An exact transcription is needed, beginning at the line with "Série Breaking Bad" and ending at the last line of the listing, with pictures left out and nothing else added.

Data segment:
· · · · · · ·
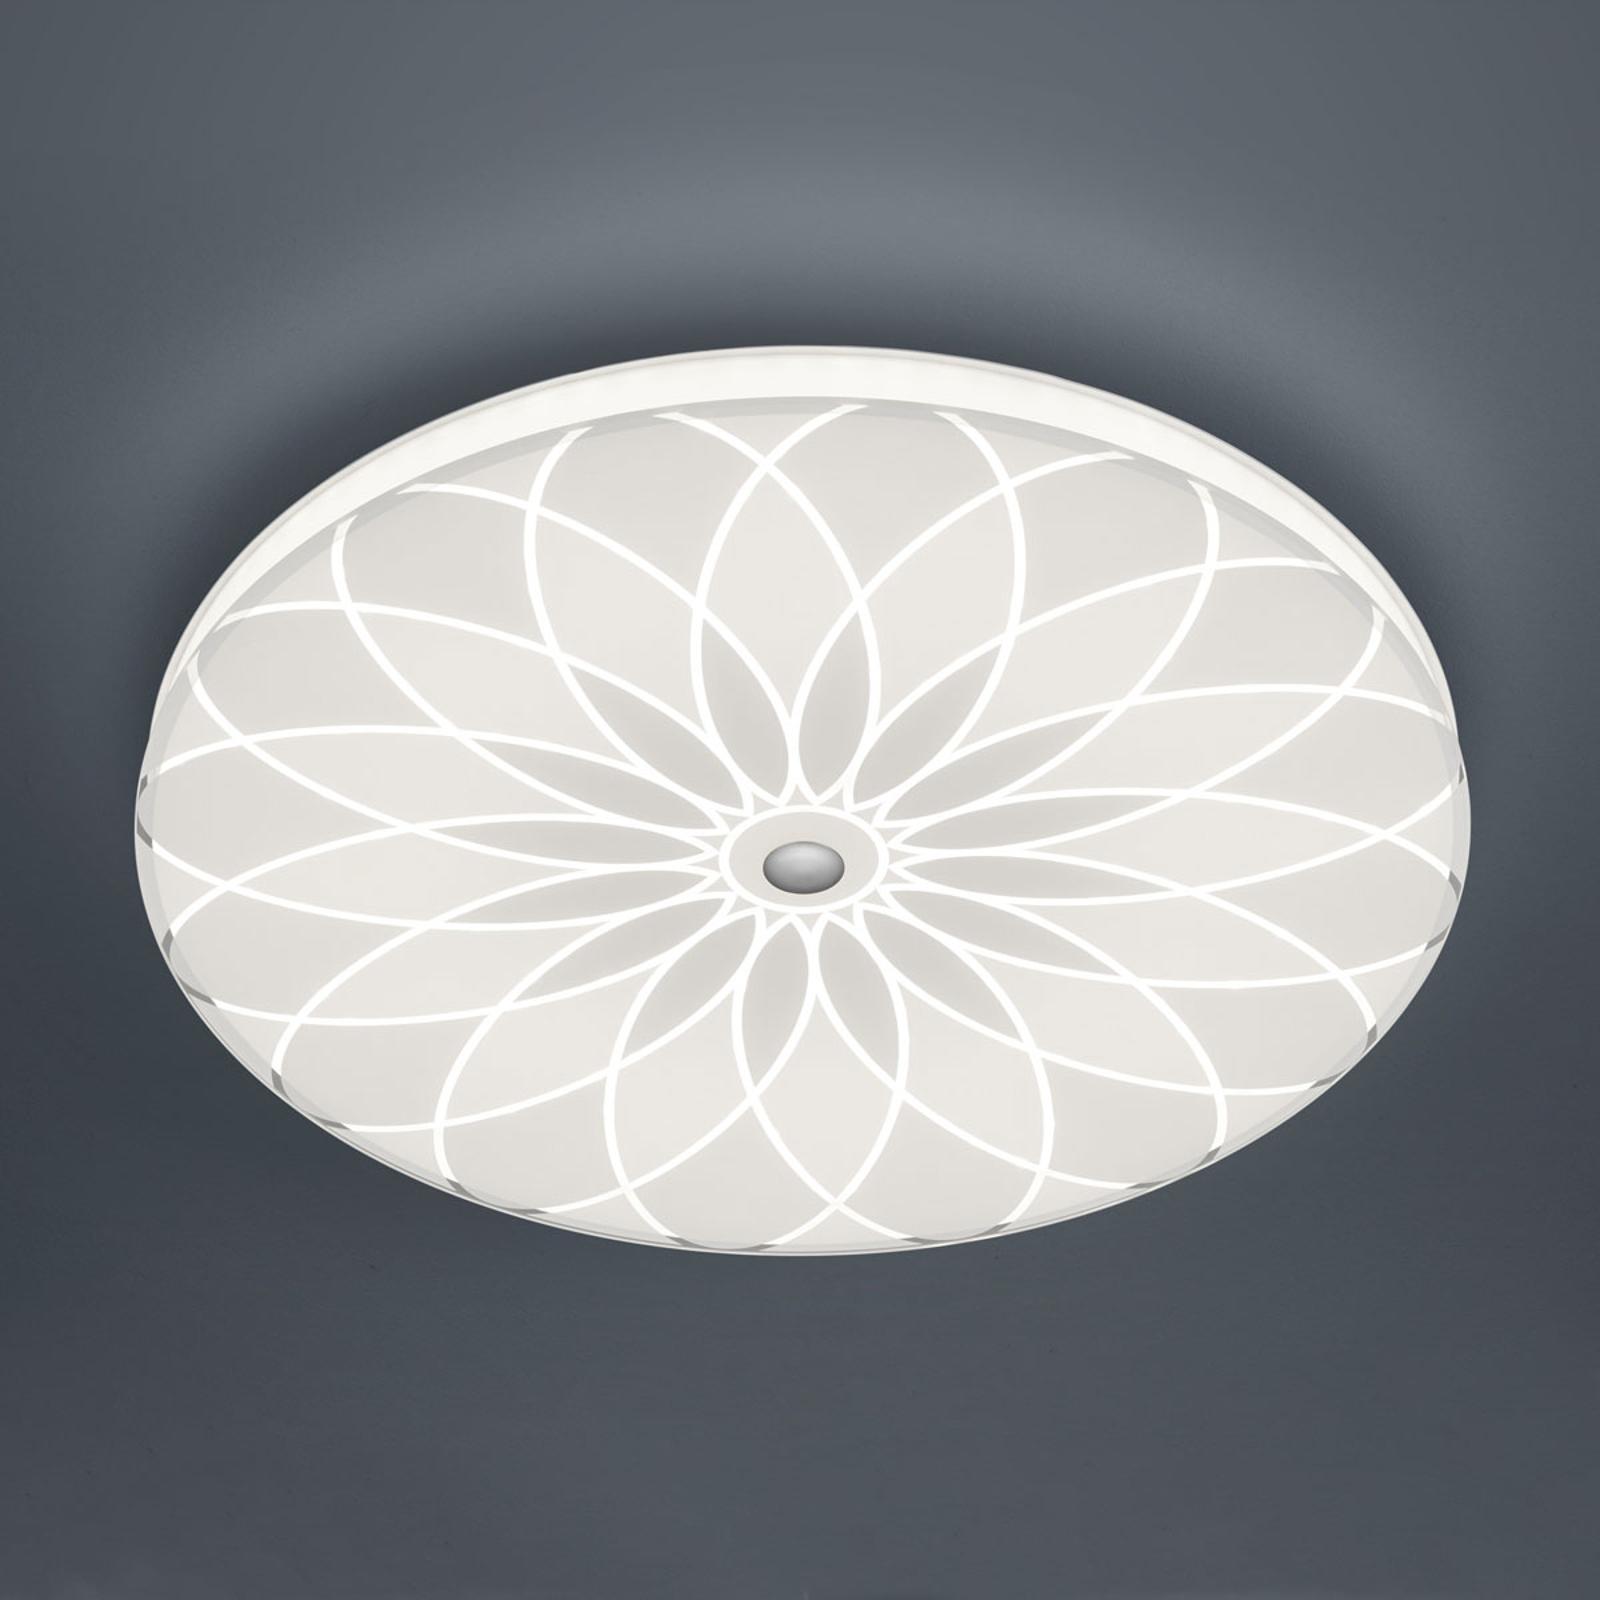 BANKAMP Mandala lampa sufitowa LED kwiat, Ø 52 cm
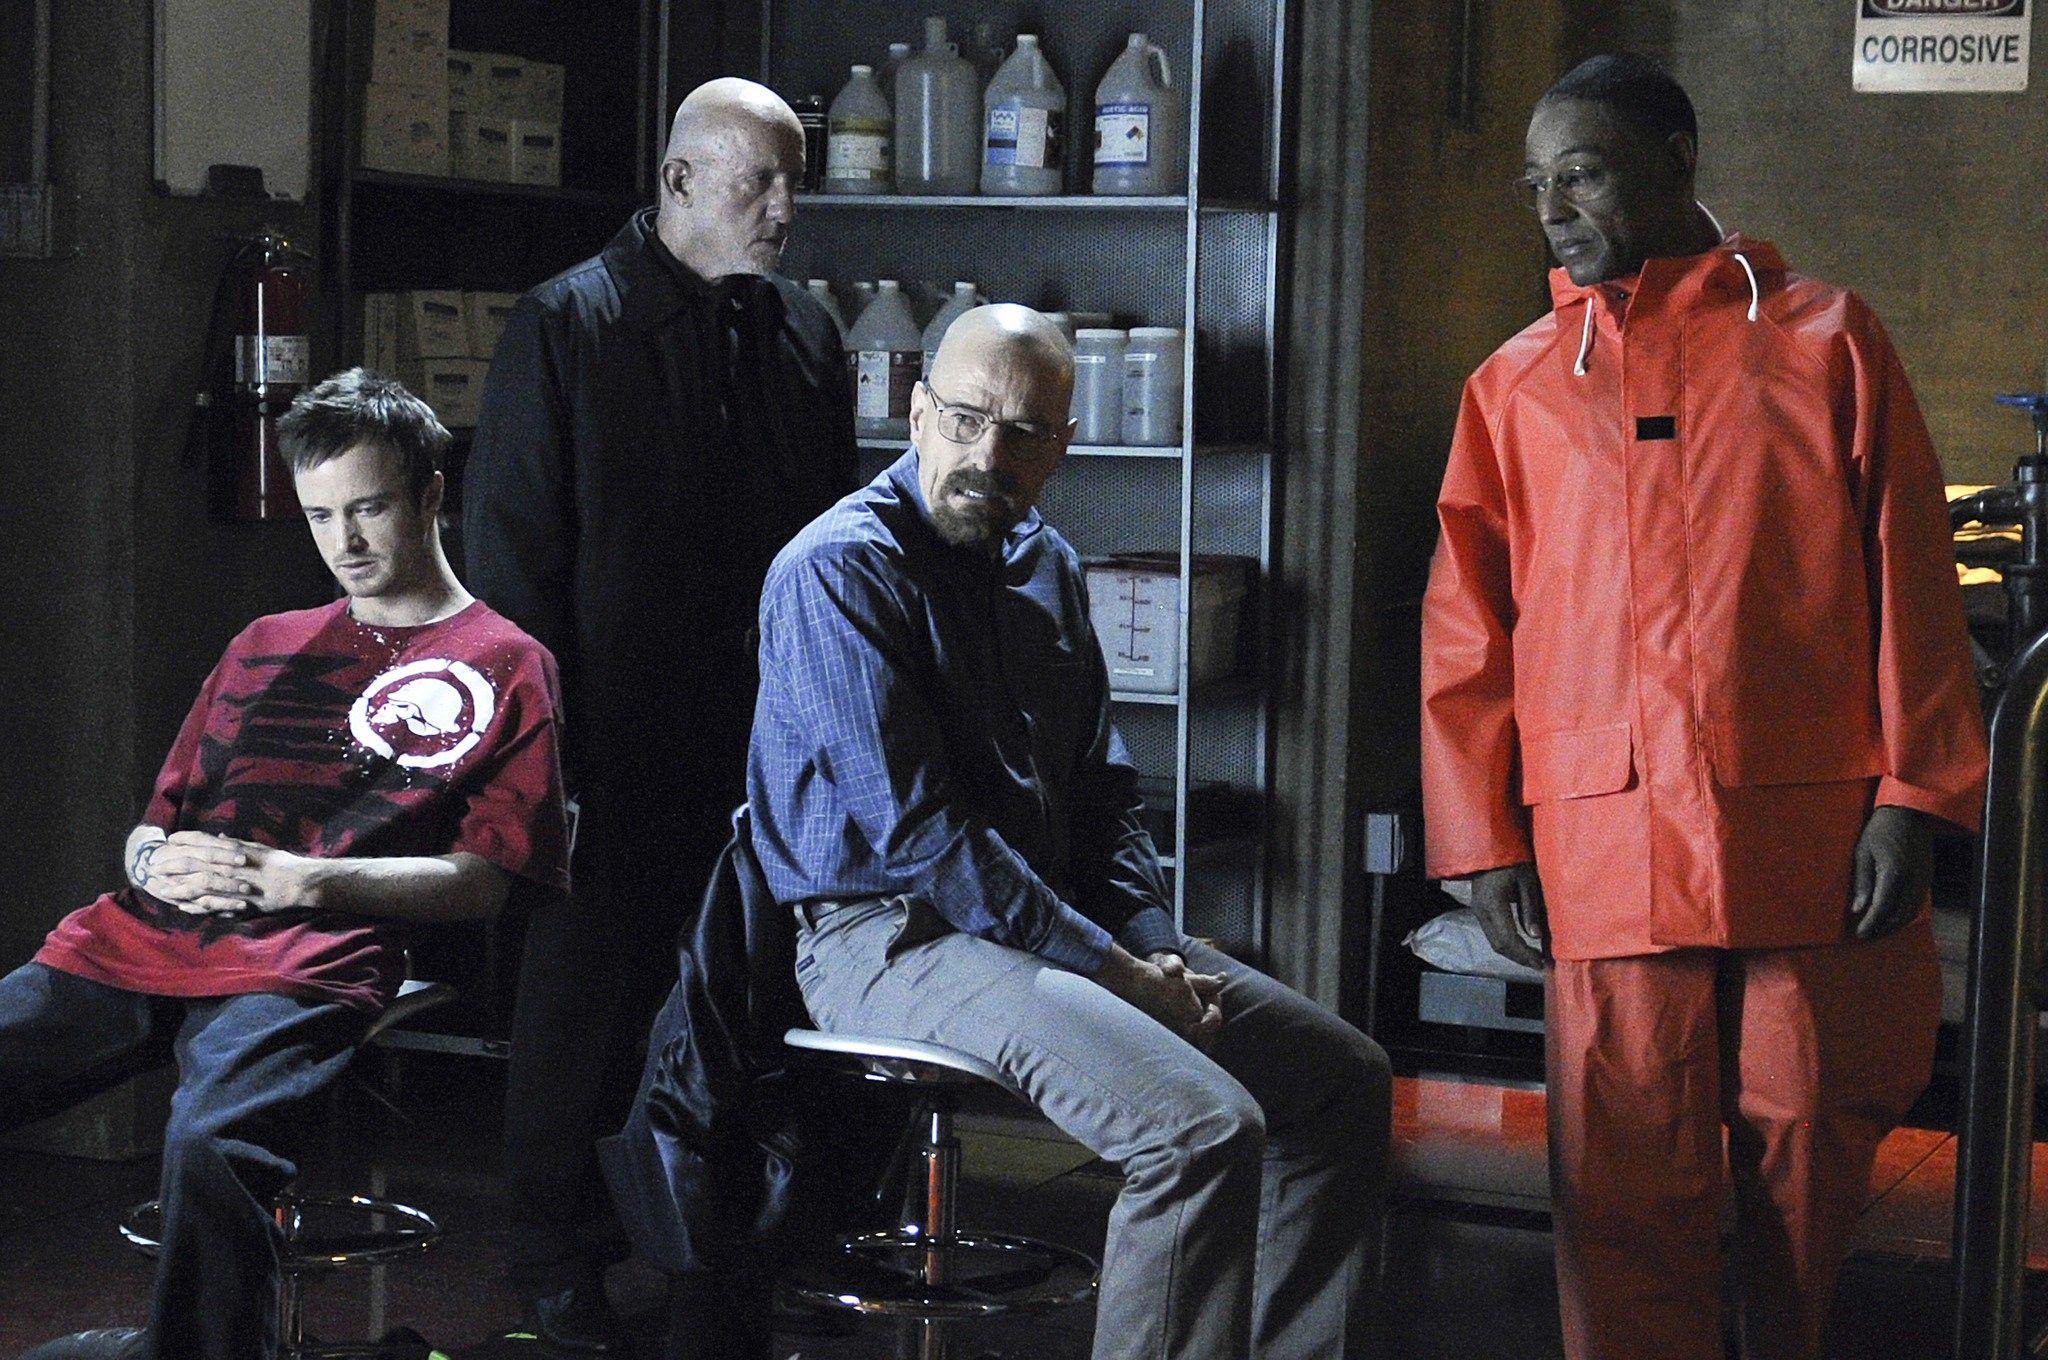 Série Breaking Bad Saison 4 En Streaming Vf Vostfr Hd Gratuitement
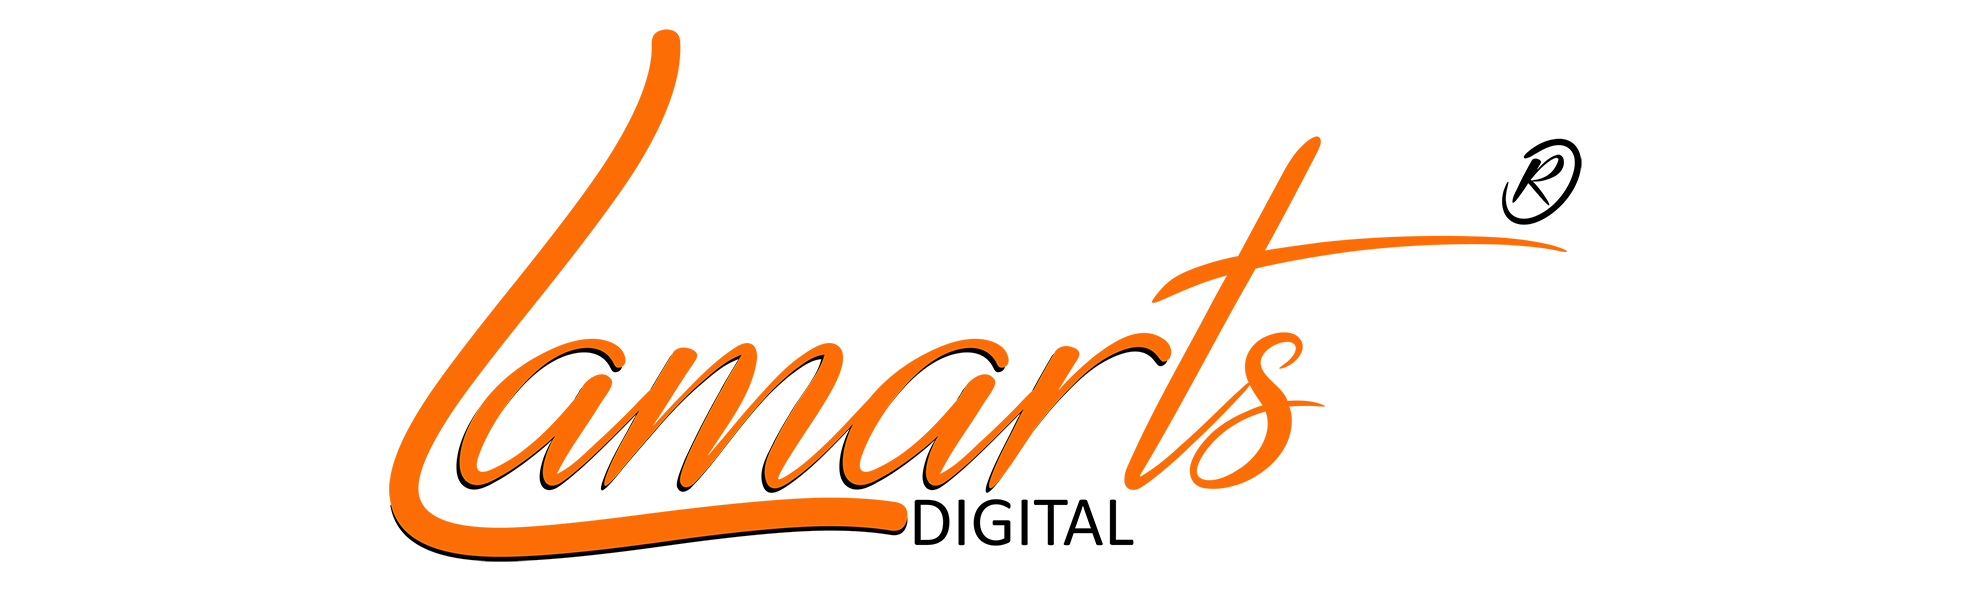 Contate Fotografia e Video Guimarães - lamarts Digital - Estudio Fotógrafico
· · · · · · ·
Result of the task:
 Série Breaking Bad Saison 4 En Streaming Vf Vostfr Hd Gratuitement
 Contate Fotografia e Video Guimarães - lamarts Digital - Estudio Fotógrafico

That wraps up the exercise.